Awanui farmer and naturalist Kevin Matthews believes pelicans are in the Far North to stay.

A number of birds made themselves at home in Kerikeri, Kaipara and Ahipara earlier in the year, and there have been more recent sightings.

One appears to have taken up residence on a sand bank on Rangaunu Harbour, and three weeks ago a pair were seen riding the thermal updrafts off Cable Bay before heading off in the direction of Rangaunu Harbour.

"Eight were spotted on the shell bank out from Paua about three months ago, and four more have been hanging around the upper harbour near Unahi," Mr Matthews said.
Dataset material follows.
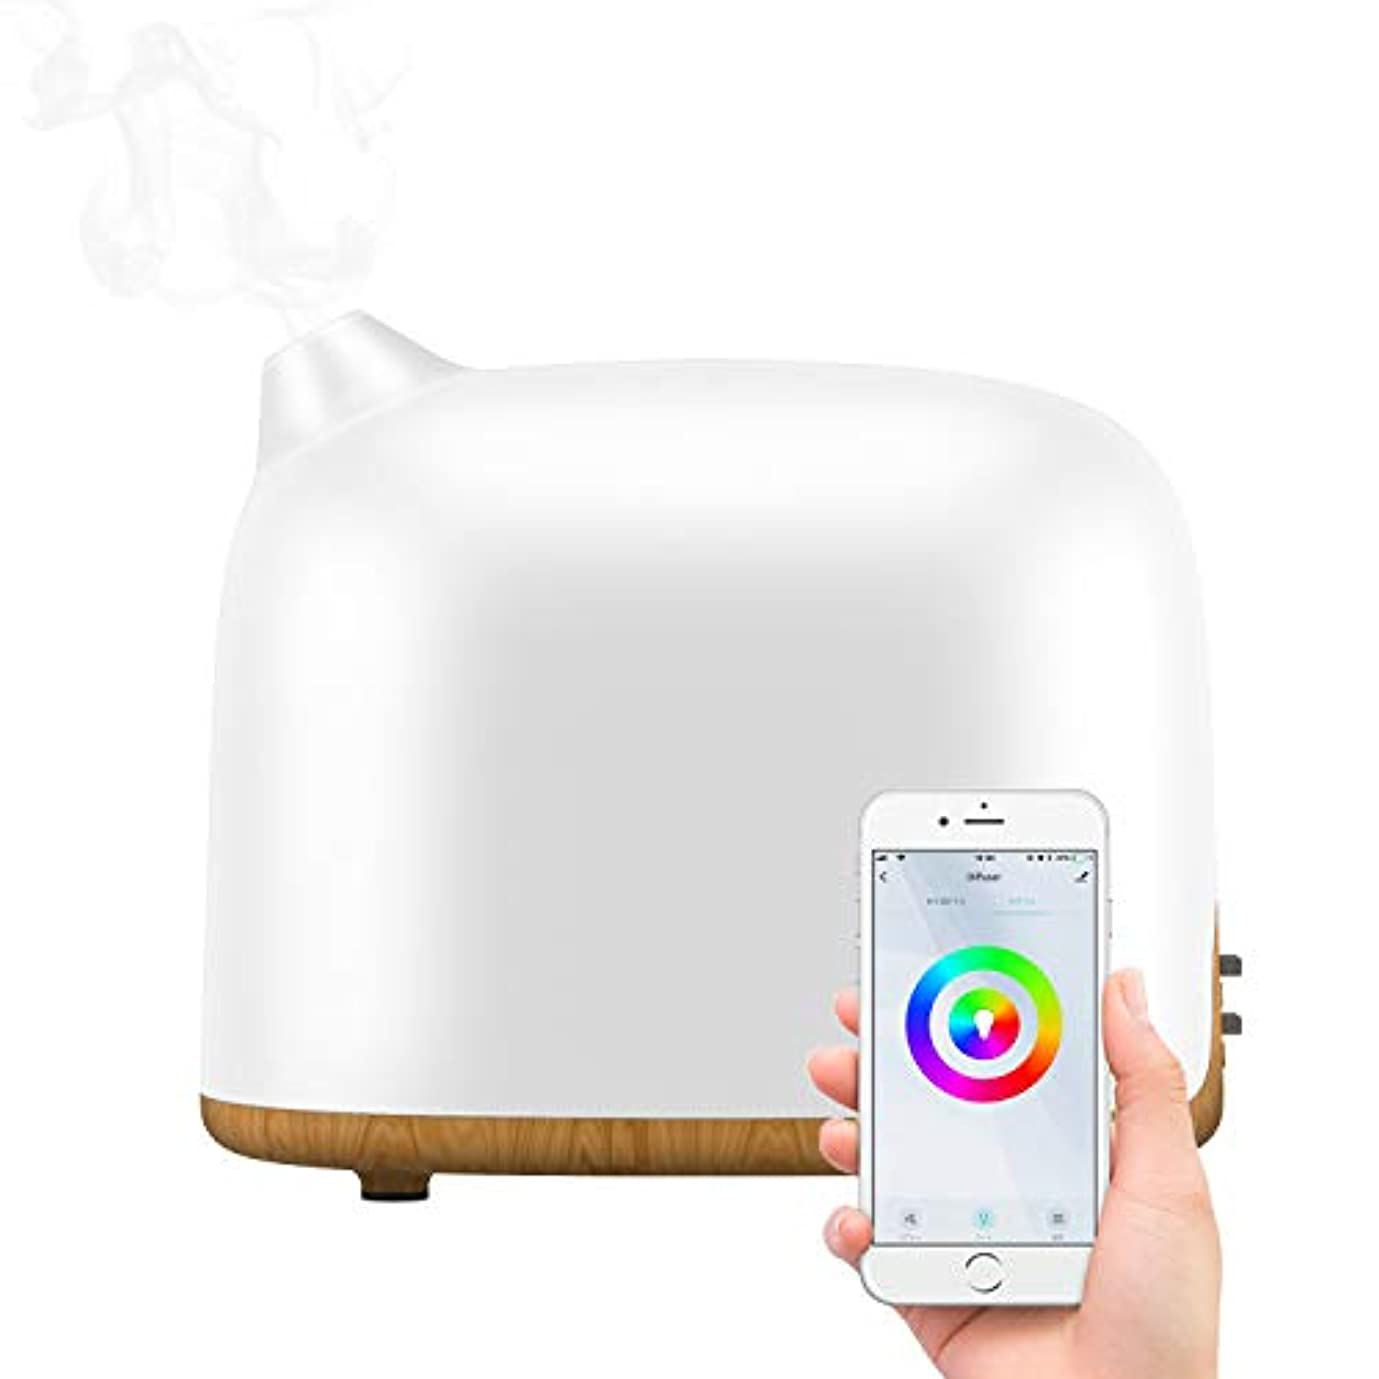 群がる教義九時四十五分[令和最新版]スマートアロマディフューザー MILcea スマホ連動 超音波アロマ加湿器 ミスト2段階調節 14色LEDライト変換 時間設定 静音 省エネ 空焚き防止機能付き Amazon Echo/Google Home対応 乾燥/花粉症対策 300ML 木目調

The birds, Pelecanus conspicillatus, were visitors from Australia, where they were common in sheltered, shallow bays, estuaries and inland waters.

"They are found wherever there is a large body of water and plenty of food," he said.

"They feed mainly on fish, but also crustaceans (shrimp), insects and other aquatic animals."

Only time would tell if the birds had moved in permanently and would breed, but sightings were becoming much more common than in the past.

Only a handful of sightings had been reported in New Zealand in the last 125 years, including the Whanganui River (1890), Kaipara Harbour (1976), Southland (1977) and South Canterbury (1977-78).

Three pelicans seen on the Waitemata Harbour in January were thought to have been part of a flock of 18 that were seen together at Tapora, on the Kaipara Harbour, in April.